BAB VII

3 0 0
                                    


16.43

Aku berjalan di depan pelataran rumahku, beberapa tanaman hias tergantung indah di setiap sisi halaman rumahku. Ada air mancur kecil yang berada di pojokan halaman. Hari mulai gelap, dan aku baru saja pulang ke rumah. Sedari tadi aku sudah mempersiapkan mentalku. Ya, aku tau setelah ini aku akan diceramahi mama ku habis habisan.

"Mata pulang." Kataku riang seperti biasa. Tapi tidak ada sahutan dari mama. "Mama..."

Sepi tak ada sahutan suara mama. Apa mama mau mengerjaiku? Tapi mama tidak pernah mau repot repot menjahili ku seperti ini. Saat sedang bingung bingungnya, terdengar suara yang menyahut panggilan ku tadi.

"non Mata udah pulang ya..."

Seorang perempuan berjalan mendekatiku, tubuhnya tidak setinggi aku. Kulitnya gelap, rambutnya hilam panjang di kucir rapi. Dia berjalan dari arah dapur, bahkan celemek masih terhias di depannya. Namanya Mbak Neni, butuh beberapa detik untuk mengenalinya kembali. Keluarga kami dulu memang punya asisten rumah tangga, tapi itu sudah lama sekali.

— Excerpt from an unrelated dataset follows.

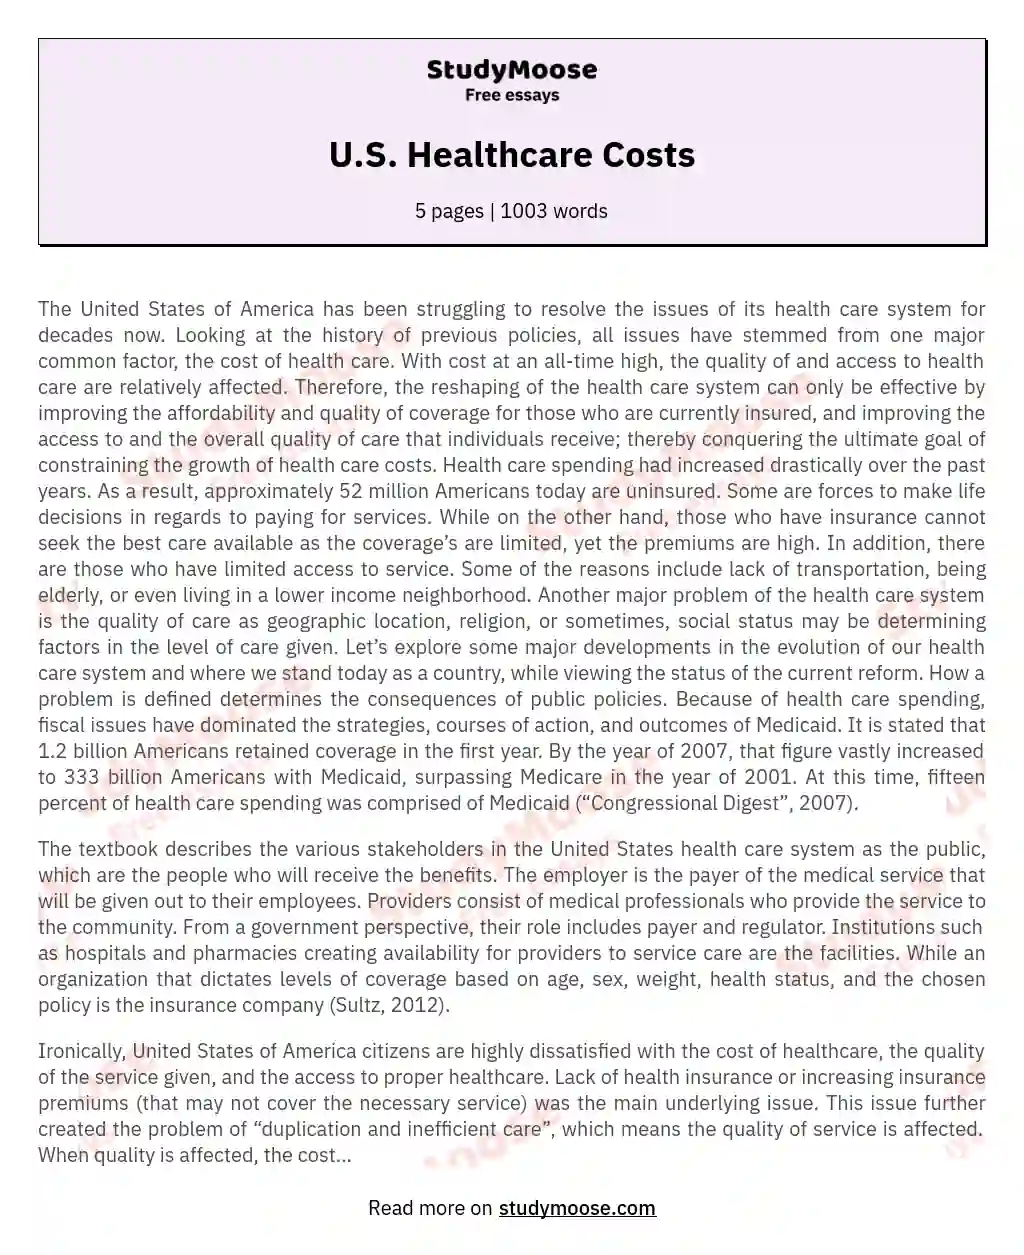 U.S. Healthcare Costs essay

Sejak aku naik ke kelas lima SD, mbak Neni sudah tidak bekerja di rumahku lagi. Tapi entah mengapa dia kembali bekerja disini, setelah sekian lama di istirahatkan oleh orang tuaku. Ahh, mungkin mama memutuskan untuk memperkerjakan mbak Neni lagi.

"eh non Mata malah bengong, udah bebersih dulu sana. Bibi udah siapin makan malam kesukaan non." Kata mbak Neni sambil berlagak mendorong tubuhku menuju tangga naik ke lantai atas.

Aku masih punya banyak pertanyaan yang hendak ku sampaikan padanya. Tapi mungkin mbak Neni benar juga, saat makan malam nanti aku akan punya waktu lebih banyak. Sesampainya di kamar, aku segera bergegas ke kamar mandi. Aku sudah tak sabar bertanya pada mbak Neni.

Tak butuh waktu lama, sekitar tiga puluh menit. Aku sudah selesai dengan segala urusan kamar mandi. Dan kini aku sudah duduk manis di depan meja makan. Mbak Neni pun sudah menyediakan makan malam di atas meja makan. Ada nasi goreng favoritku dan juga telur mata sapi menghiasi atasnya.

"mbak." Panggilku seraya menepuk bahu Mbak Neni pelan.

"eh iya, kenapa non?" Tanya Mbak Neni

"Mama kemana?" tanyaku to the point.

"oh, ibu. Ibu nyusul bapak ke Singapura non, katanya Mbak suruh njagain non Mata selama Ibu di Singapura." Kata mbak Neni yang tengah berdiri membawa tudung saji.

"oh... ke Singapura ya."

"iya non." Ucap Mbak Neni dengan wajah ramah. "Tapi jangan salah lho non."

"salah kenapa Bi?"

"dulu Bibi nggak galak sama non. Tapi berhubung non Mata udah gede, sekarang mau bibi galakin."

Aku hanya meringis menjawab kalimat yang entah jujur, atau hanya bercanda itu.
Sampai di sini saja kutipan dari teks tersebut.